Wishful thinking is the adoption of beliefs and making decisions according to what might be pleasing to imagine instead of through appeal by evidence, rationality or reality. It is a product of resolving conflicts between belief and desire.
How will Tanzania be in the year 2050, in terms of performance, governance, administration and poverty levels? I envisage that all traces of injustice, discrimination and disparity in political, economic and social spheres will vanish, leaving the country free of violent conflicts.
Energy will be a priority with 100 per cent coverage for industrial, domestic and agricultural needs by the mid-21st century. Transportation infrastructure will be transformed, enabling the country to shrink into one connected nation rather than regions that are barely connected.

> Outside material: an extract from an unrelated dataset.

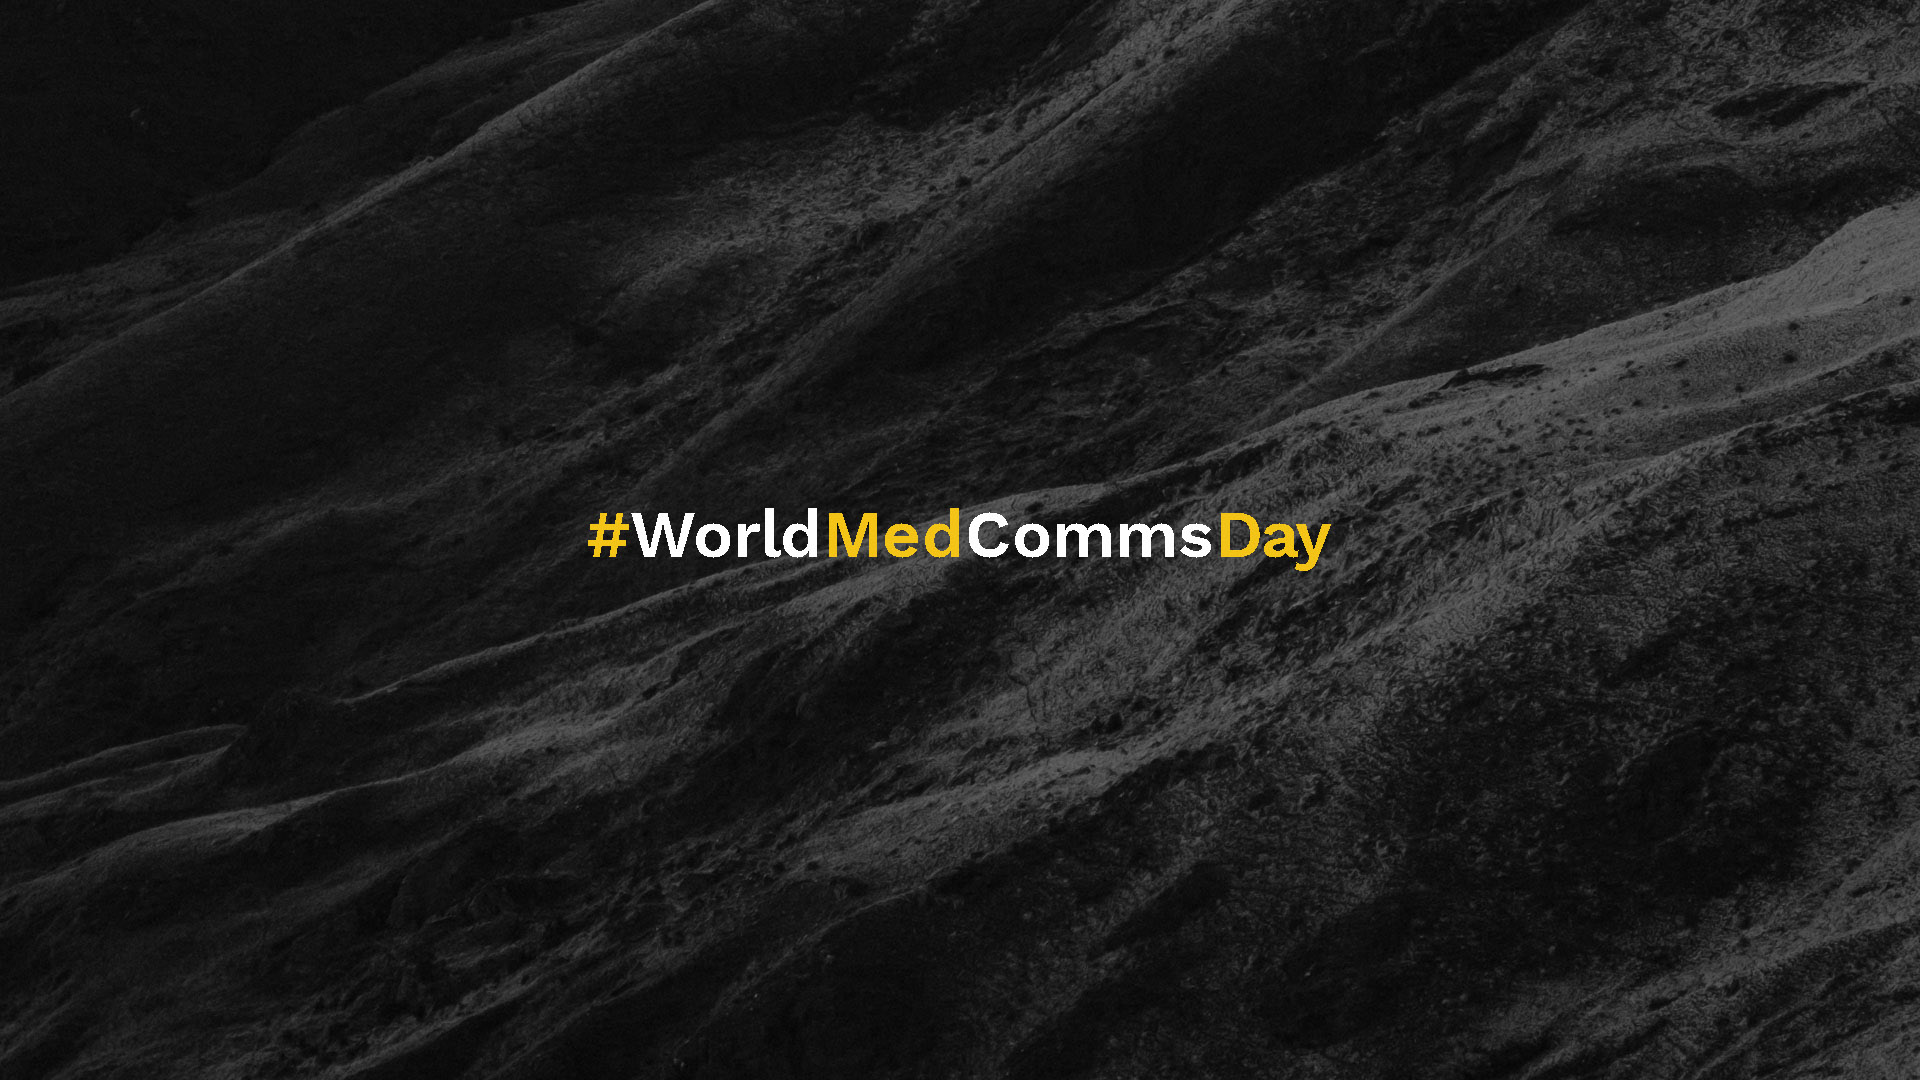 World MedComms Day

In this vision, education will be free and compulsory for children for 12 years and no university student will be denied opportunity for lack of means. Free quality healthcare for all will be available and 50 per cent of all commodities produced in the country will be processed here as well.
Intra-regional trade will be at 75 per cent and Tanzania will spend 10 per cent of its GDP on science, technology and innovation by 2040 and our institutes for democracy, good governance and sustainable development will be so popular that they will be an example for the rest of the world.
The country will be a haven for investment, employment generation and wealth creation by 2040. There will be quotas for Europeans, Asians and Americans seeking employment here. All arable land in Tanzania will be cultivated, save for what will be reserved for environmental protection. By 2050, food shortages or famine will be history in Tanzania, which will also be ready and able to lend a helping hand in global emergencies.
The worst-case scenario for Tanzania in 2050 is more of the same Tanzania of 2015. However, a more realistic prospect lies somewhere between that and my utopia.
It will be quality of leadership that will manage the internal and external pressures that will impose themselves on us. Even if the best does not happen, we can prevent the worst.
Hopefully, my utopia has given some clues about what should be the future election manifesto. So until 2025, the Opposition has adequate time to prepare or mess up again by settling for a reject from the ruling party.